* Exercise objective *
Print the listing below again, exactly. Skip the pictures.

* Provided data *
Start of Block

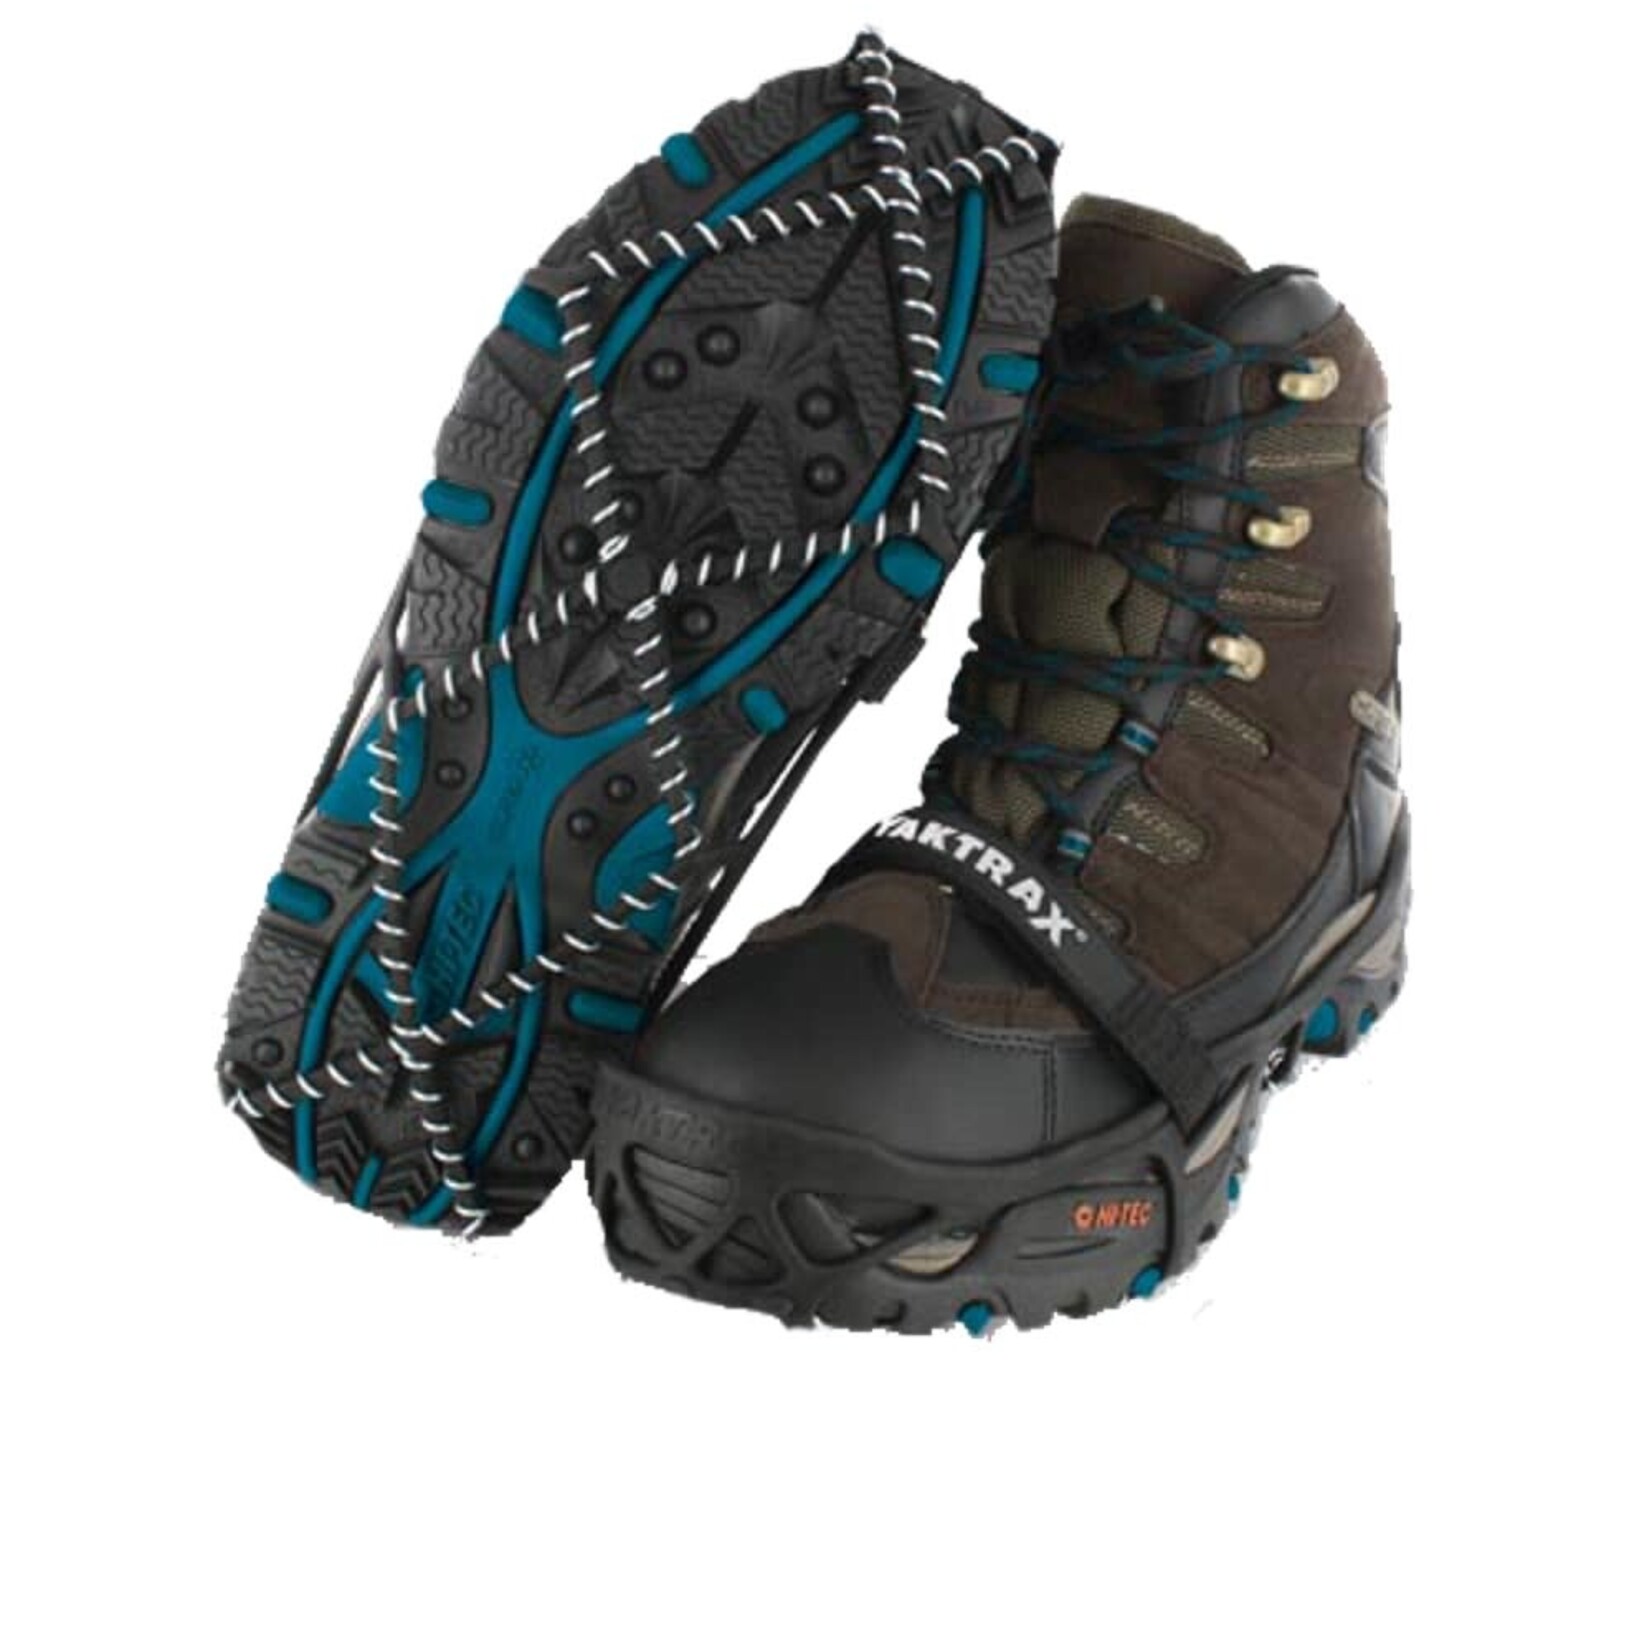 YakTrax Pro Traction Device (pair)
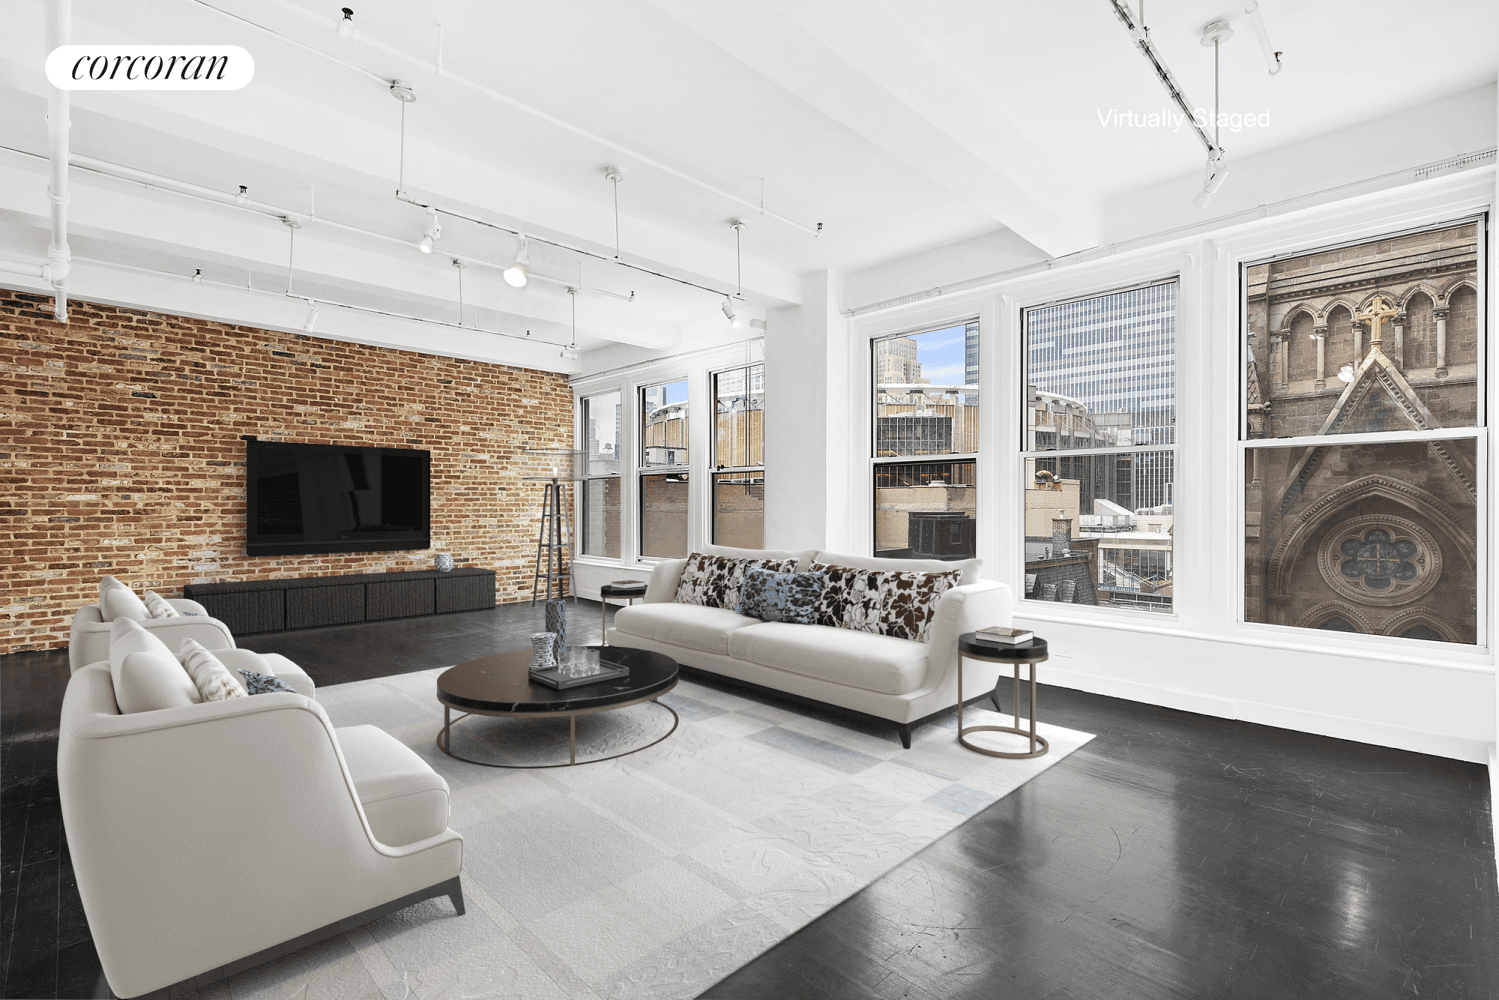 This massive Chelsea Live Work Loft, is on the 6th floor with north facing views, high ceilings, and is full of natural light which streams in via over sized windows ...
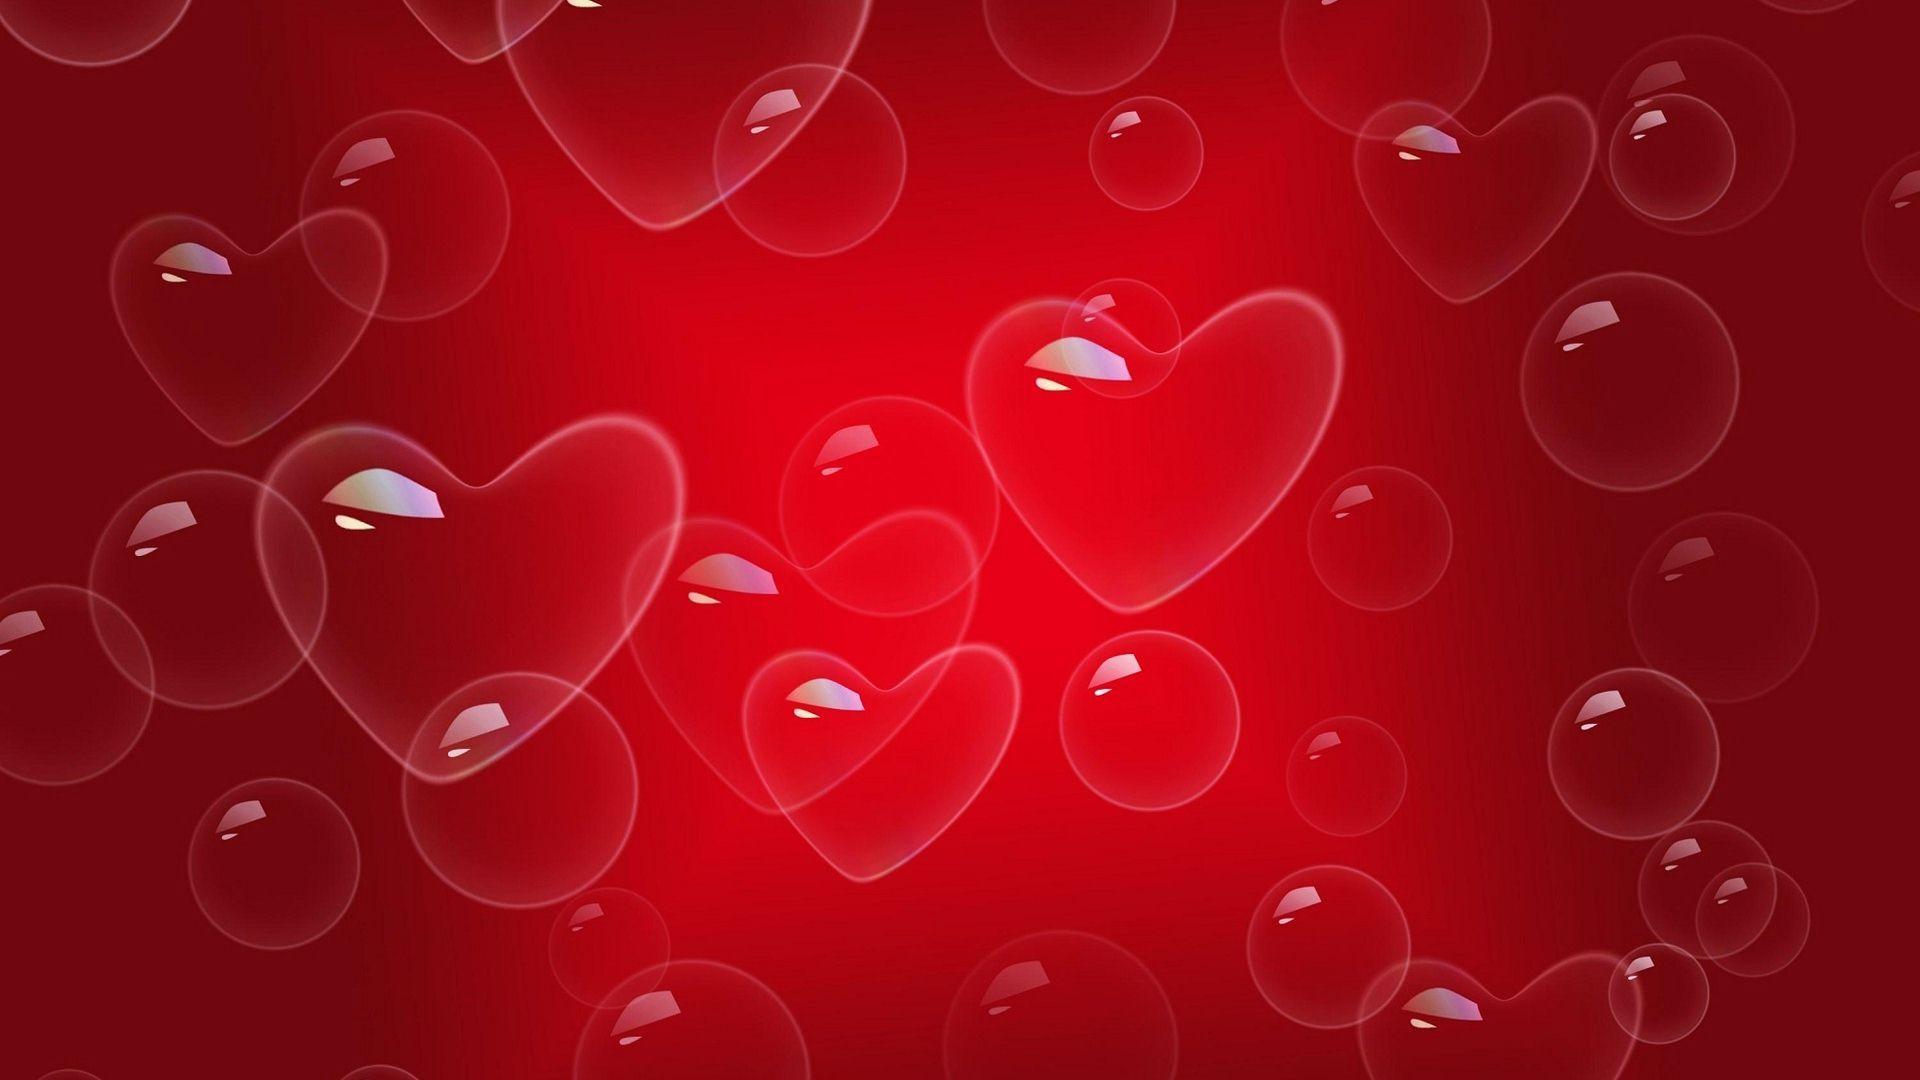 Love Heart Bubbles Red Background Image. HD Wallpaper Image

End of Block

* Written response *
 YakTrax Pro Traction Device (pair)
 This massive Chelsea Live Work Loft, is on the 6th floor with north facing views, high ceilings, and is full of natural light which streams in via over sized windows ...
 Love Heart Bubbles Red Background Image. HD Wallpaper Image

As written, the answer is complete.